Most readers probably know methods mentioned above very well, so let us do not spend any time discussing them. So, what is the trick in the new method? Prasad starts with the set of random vectors, V0. We expect that about half of them will satisfy the first linear equation. He then throws away all vectors that do not satisfy the first equation and call the remaining set S1. The idea is successively applied to further equations until we reach the set Sm. Vectors in Sm will then satisfy all linear equations and represent the solutions to the system. The problem with this winnowing-down process is that with high probability the set Si winnows down to zero before all equations in the system are satisfied. An exception is if we start with a set V0 of exponential size, but this is obviously too much.

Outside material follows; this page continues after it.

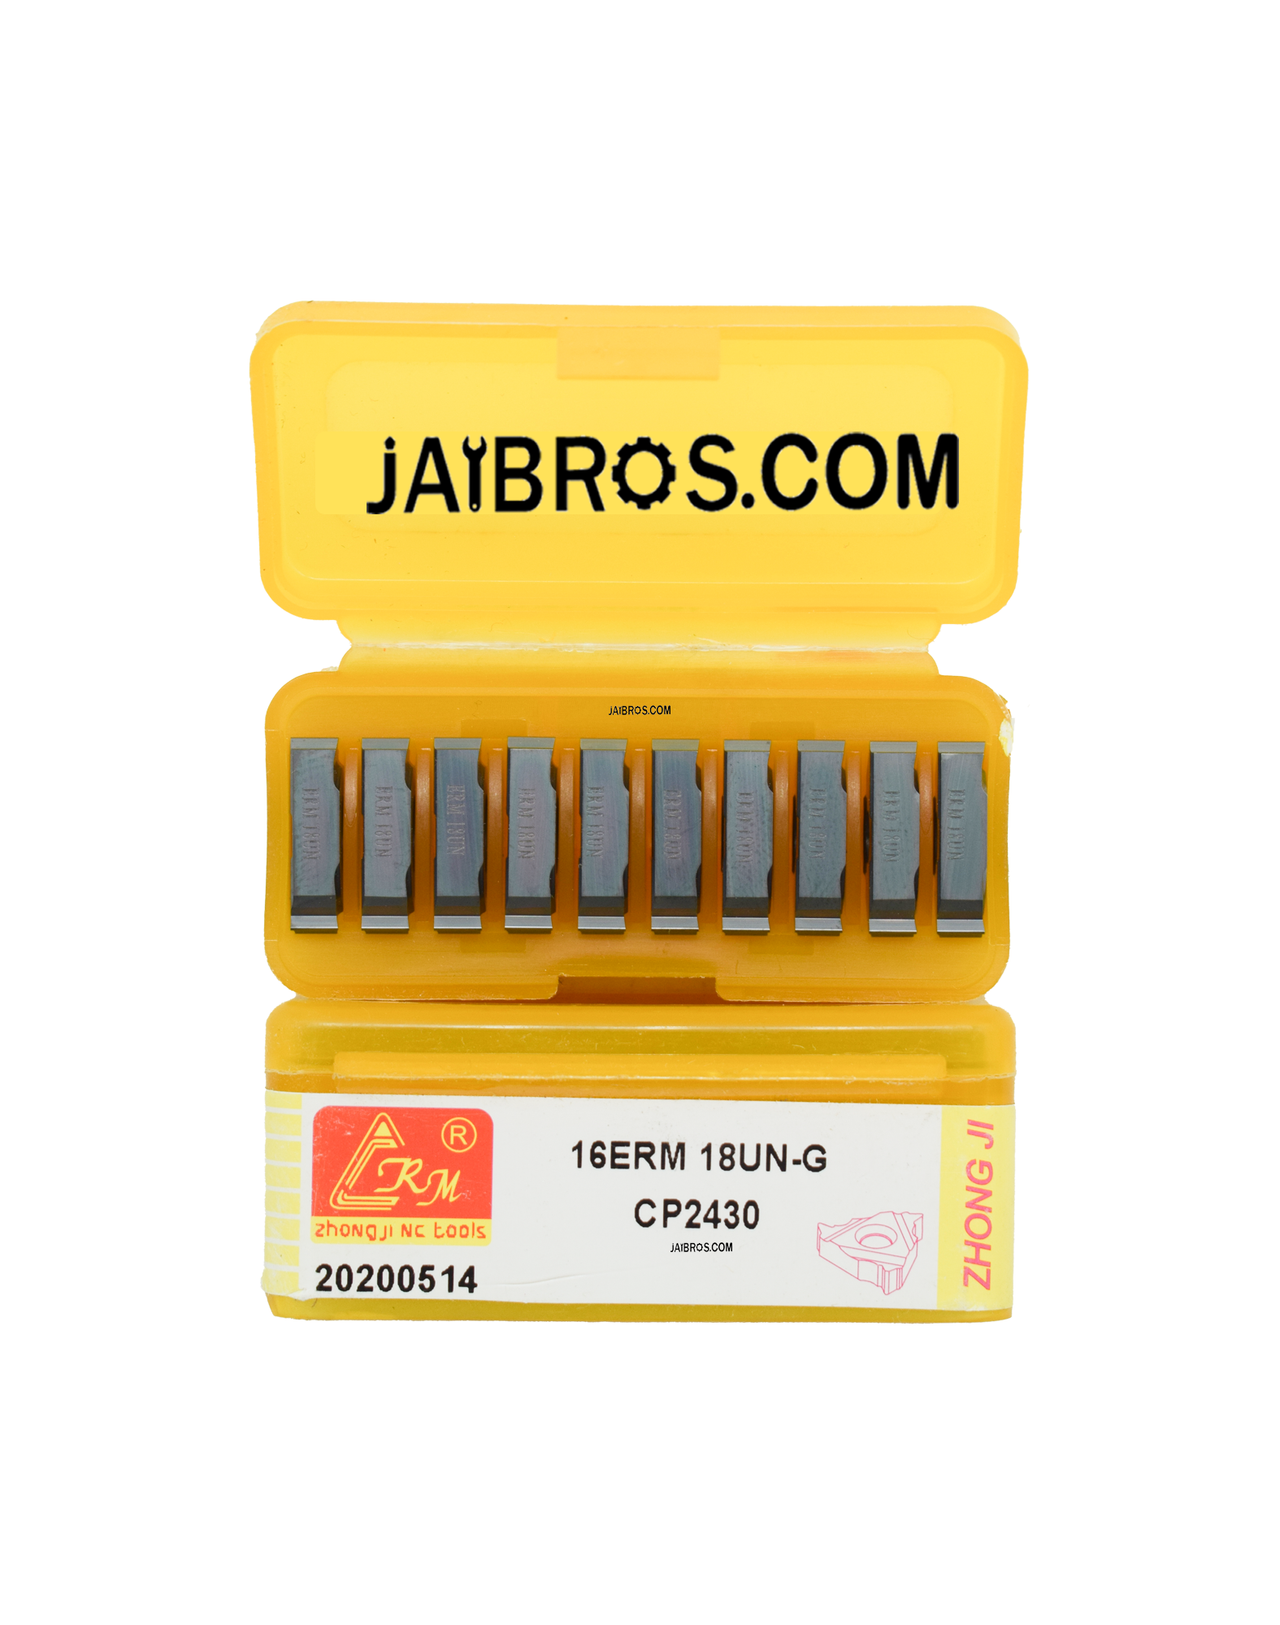 16 ER/IR 18UN External/Internal Threading CRM carbide Insert pack of 10

Prasad came up with a brilliant answer that indeed we do not need a large initial V0 (he proved it can be of linear order in the number of variables) and still have a high probability of getting a solution to the complete system of linear equations if the system is feasible. The trick is to use an amplifier and a property of finite fields. Remember, the method is for systems of equations over finite field and the exploited property limits its usage. Over finite field with characteristics p, the trick is to form Vi (being of the same size as V0) as sums of random p+1 vectors from Si. Namely, summing p+1 solutions to the first p equations will give in finite field a (new) solution to the first p equations and possibly solve also (p+1)-th solution. See the draft paper for the details.

The new algorithm is easy to implement. Recently I am becoming quite a fan of Clojure, so I decided to implement the algorithm in this popular functional programming language that runs on JVM. I have always been very fond of functional programming languages (examples include Haskell, OCaml, F#, Lisp, ML, Erlang, Scheme etc.) and I am glad functional paradigm is gaining popularity also in "real-world" problems (I do not like this term, but ...). Functional programming is not more difficult than object oriented programming, it is just different. It is a style of programming that emphasizes first-class functions that are pure and is inspired by ideas from lambda calculus. I acknowledge that Matlab would be the most appropriate for this problem and imperative language implementation more understandable but it is more fun, isn't it :) ?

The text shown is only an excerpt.